Muchas interrogantes fueron planteadas al inicio de este fenómeno: ¿de dónde deviene el miedo?, ¿en dónde aparece y quiénes lo provocan?, ¿es parte de nuestra sociedad o de una instancia desconocida?, ¿por qué nos priva de la libertad y ejercicio pleno de nuestra voluntad para desplazarnos por donde queramos sin tabicamiento alguno?

No hubo respuestas contundentes, por el contrario aparecieron más preguntas orientadas hacia la complejidad del miedo y en algunas de las veces confundiéndolo con el temor, terror, inseguridad, angustia o alarma, cuando cada uno de estos conceptos guarda un argumento para definir y diferenciar sus características, que si bien se encuentran y conectan en una vida cargada de miedos, según los especialistas del tema también son distintos los niveles de riesgo en el individuo.

El miedo en la sociedad es inconmensurable por sus distintas manifestaciones en toda la capilaridad del cuerpo social. Existen los miedos a ser pobre, a quedar excluido, perder la vida, llegar a desemplearse o estar enfermo por epidemias emergentes, quizás a no contar con su familia o la desaparición de sus padres, en fin hay diversos miedos pero siempre existe una fuente de miedo porque no existe el miedo a lo desconocido sino al ente, sujeto o factor que lo determina.

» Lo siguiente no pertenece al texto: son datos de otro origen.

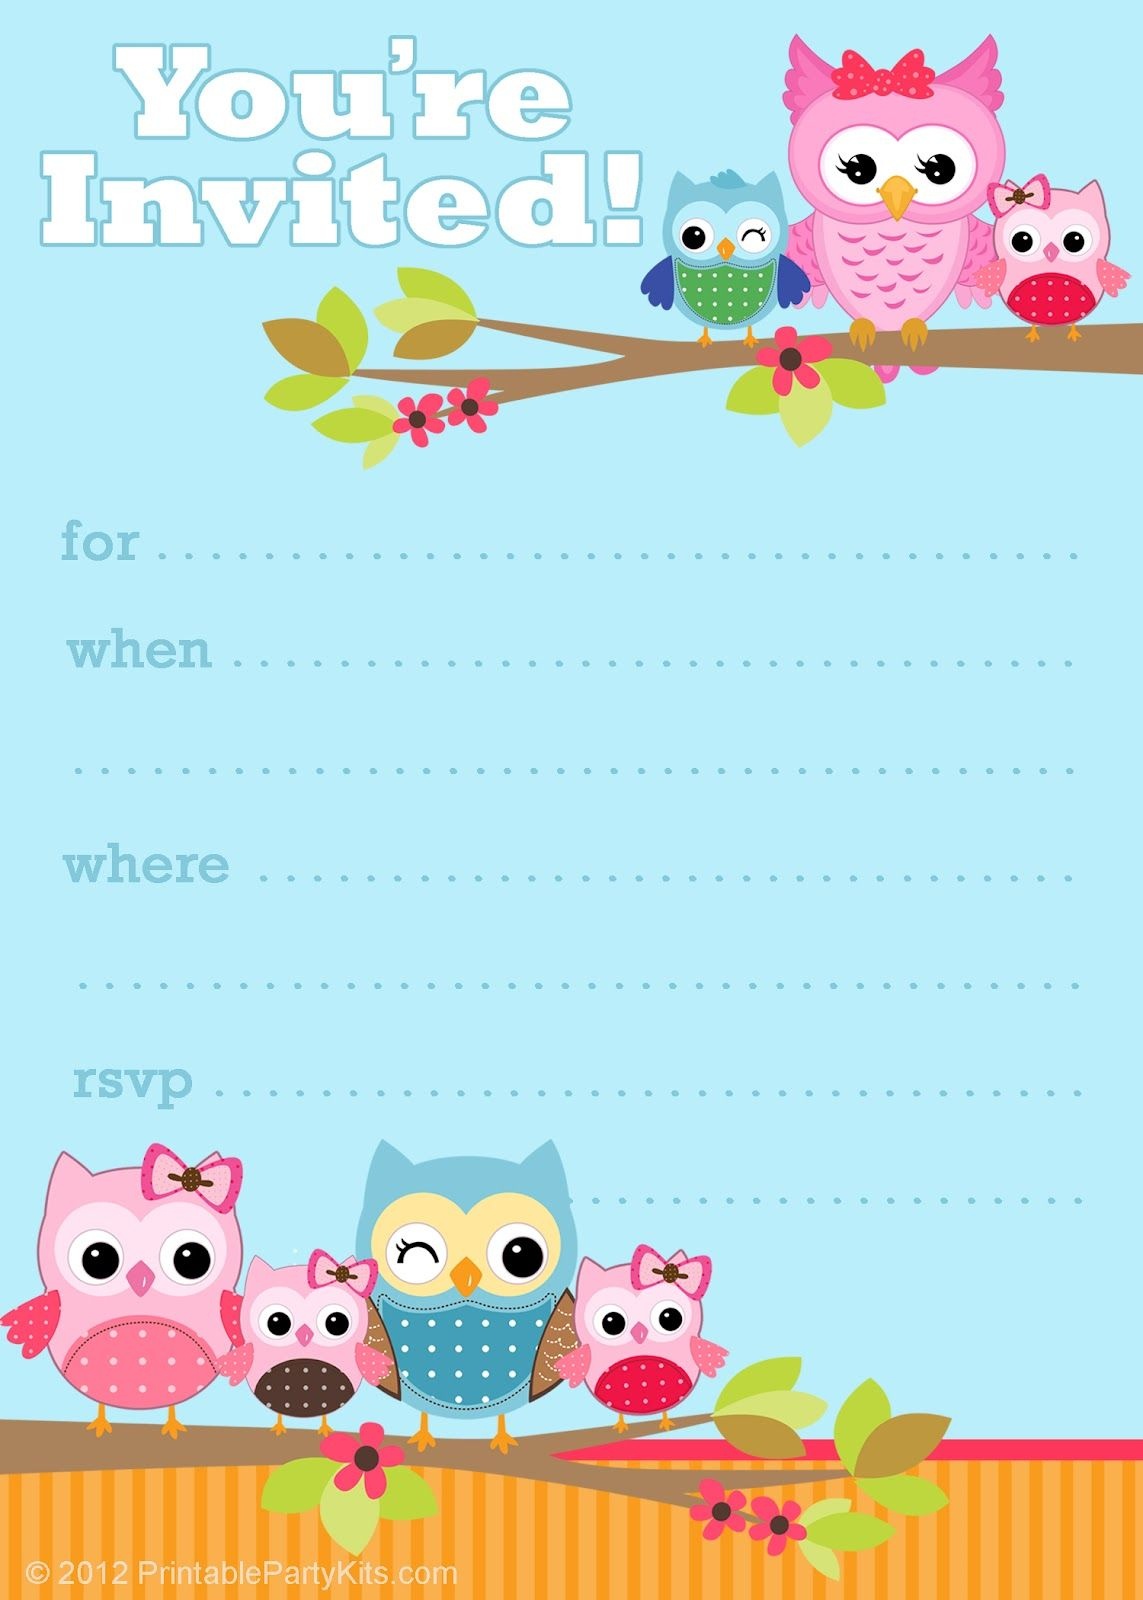 Free Printable Owl Invitations From Printablepartyinvitations - Free Printable Birthday Invitation Cards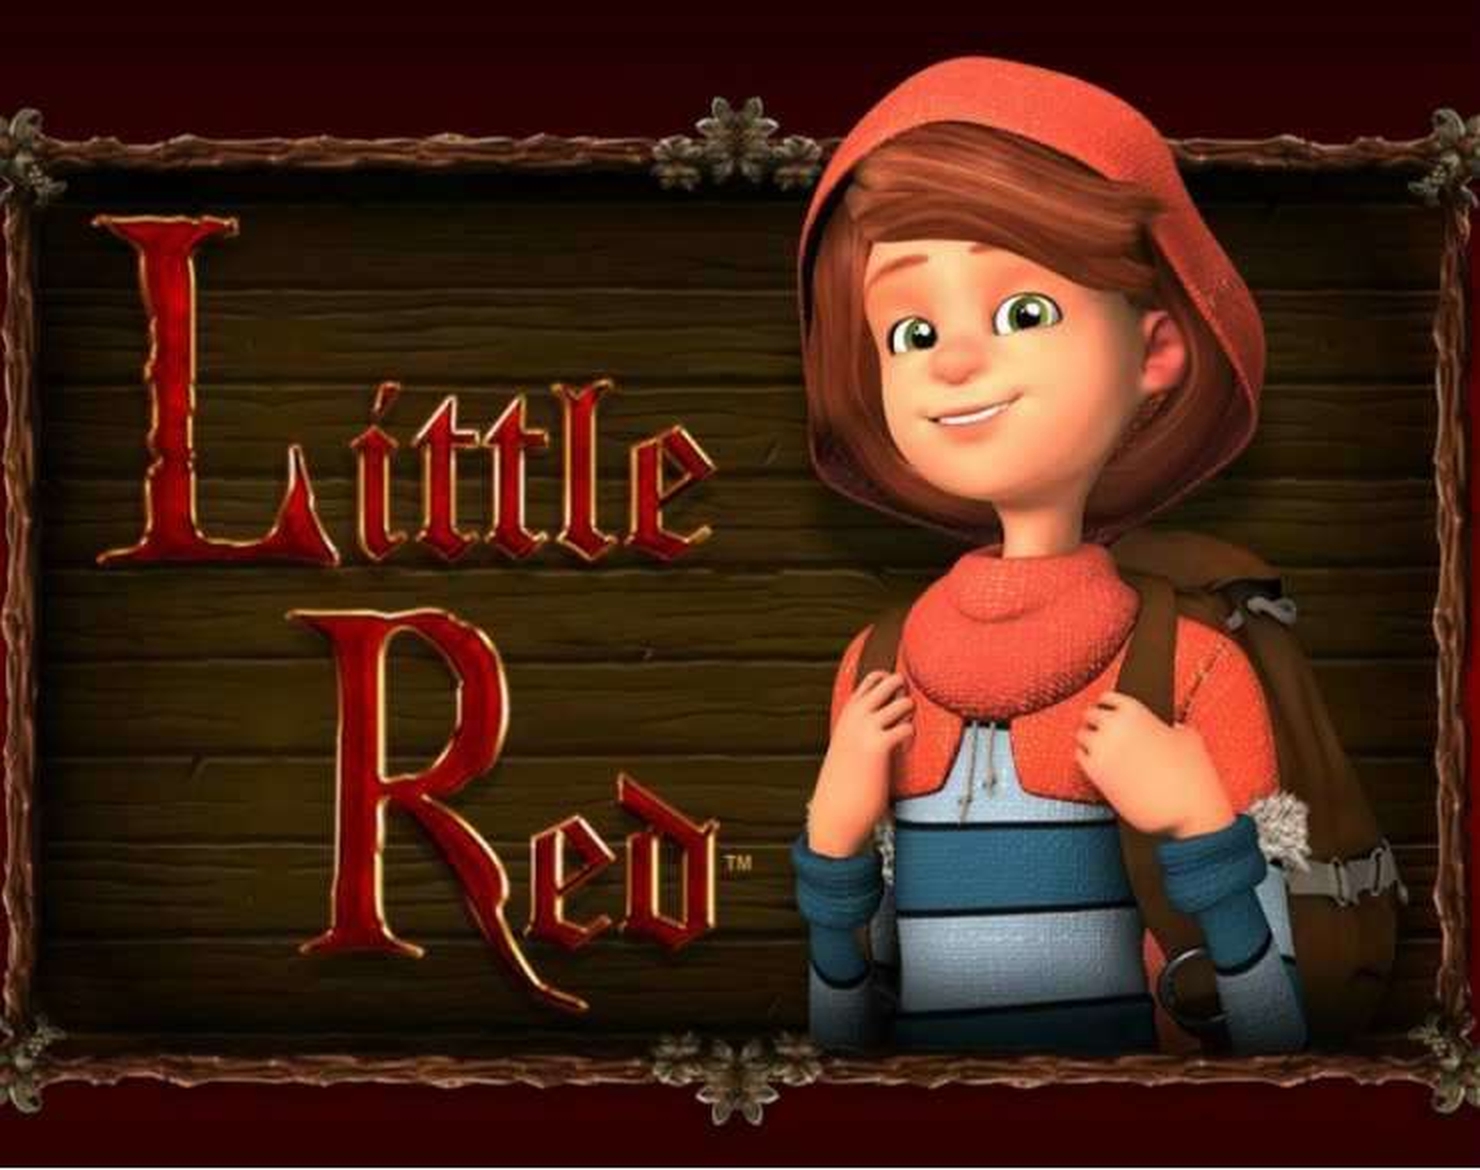 Little Red Riding Hood demo

En la historia inicialmente el miedo se asoció de manera natural con todo aquello desconocido y provocador de la duda e incertidumbre por su carácter imprevisible, turbulento, alterador de capacidad cognitiva y paralizante de toda acción social. También acercaba al hombre a su fin: la muerte, de ahí que el cúmulo de emociones desatado por la proximidad del miedo alarmaba todos los dispositivos de defensa del organismo humano y orillaba al sujeto cargado de miedo a huir, alejarse del lugar en donde emanaba la sensación de riesgo y ponerse a salvo pero en silencio, porque el terrorífico miedo enmudece a las víctimas.